Dr Brady said he was committed to changing the student profile at UCD so that it becomes more international and more socially inclusive.

From September 2005, UCD programmes "across all faculties will be fully semesterised, modularised and credit-based - a first in Irish higher education."

The new measures were unveiled by Dr Brady who said that the benefits of education must be made available to all sections of society in "more appropriate and accessible" formats.

The adult education programme at UCD is the largest of its kind in the State, with over 5,000 students annually. Dr Brady announced the new measures in an address to mark the end of the Sample UCD week, where adults of all ages and backgrounds were invited to sample what is on offer at the college.

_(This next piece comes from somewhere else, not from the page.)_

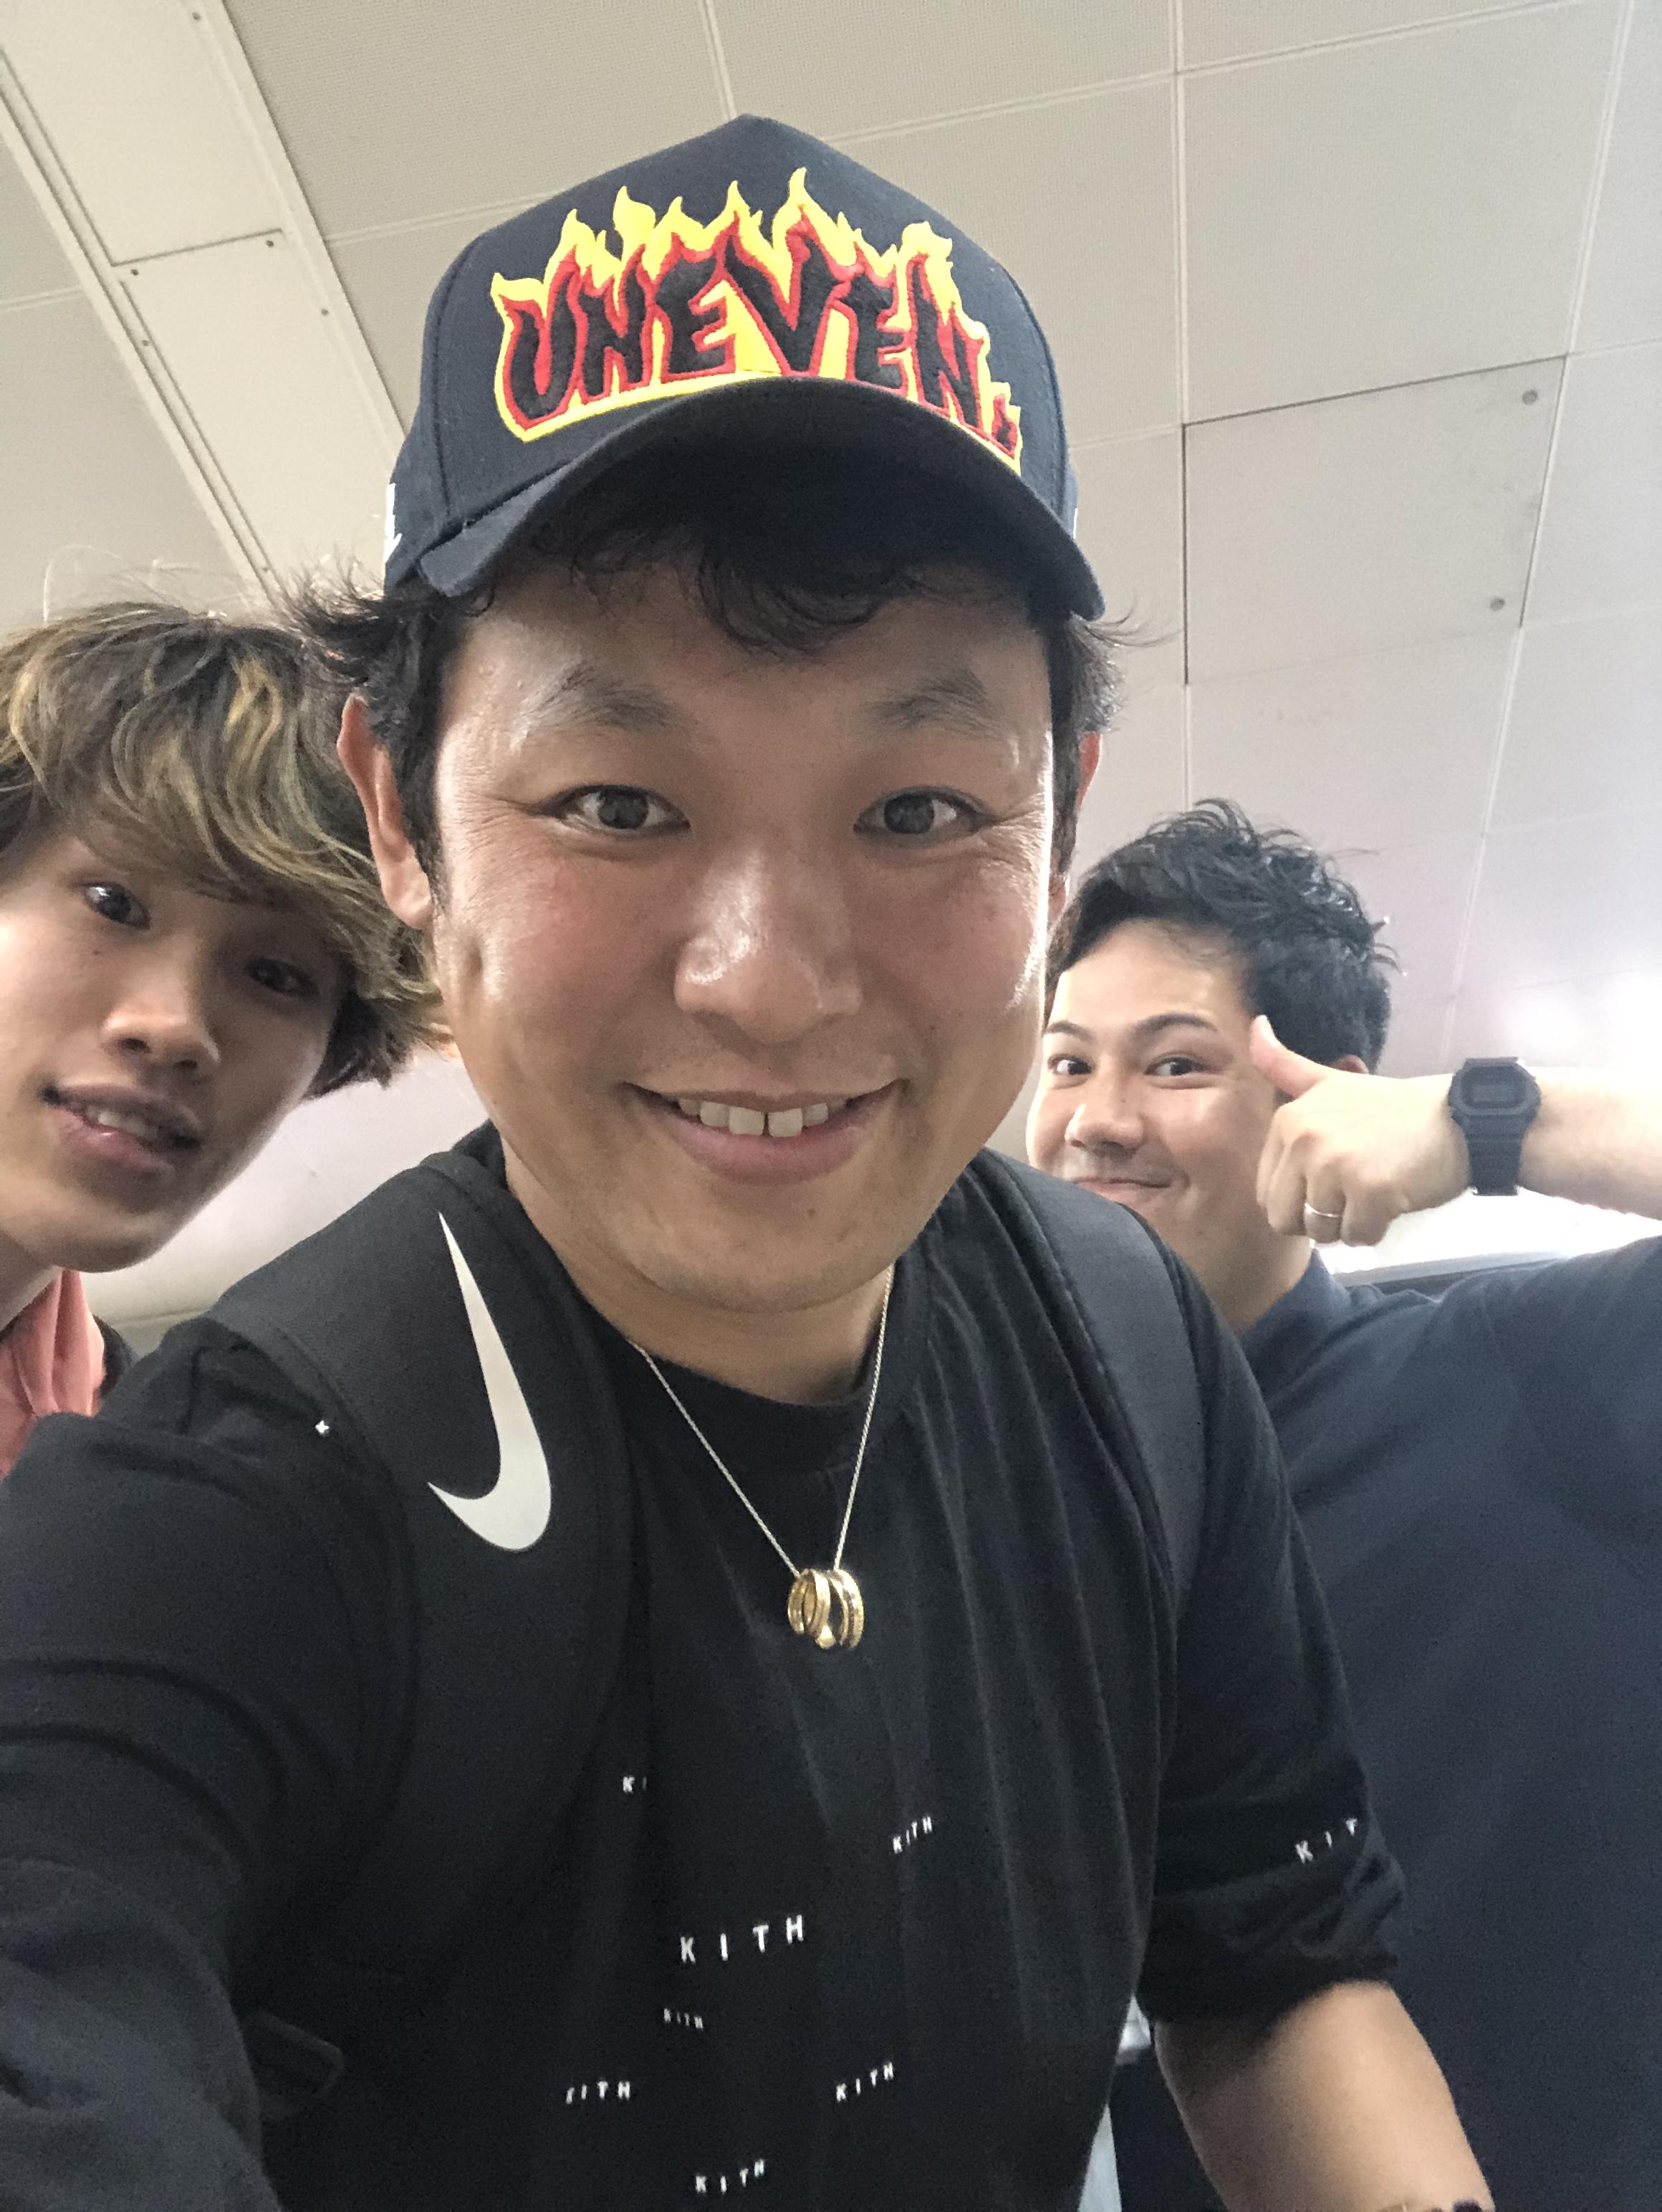 2019.9.30 SHISEIDOU名古屋セミナーの【告知】です。

Over 3,000 people attended the event this year.

In his address, Dr Brady said there had been a regrettable tendency to see university as the preserve of the few.

"I would put my hand up and acknowledge that UCD for much of its history could have been a more welcoming place" for non-traditional students.

The UCD initiative is part of a concerted move by the university sector to widen access.

Last month, Trinity College Dublin announced it was introducing a 15 per cent quota for "non-traditional" students from next September.

Many other universities, notably NUI Maynooth and the University of Limerick, also have extensive access programmes. In his address, Dr Brady said there had been an unfortunate tendency to scapegoat universities "for problems of inequality in society which run much deeper and which will never be satisfactorily resolved unless those deep issues of poverty and inequality are properly addressed."

In announcing the move, Dr Brady is delivering on a commitment first made in his inaugural address five months ago.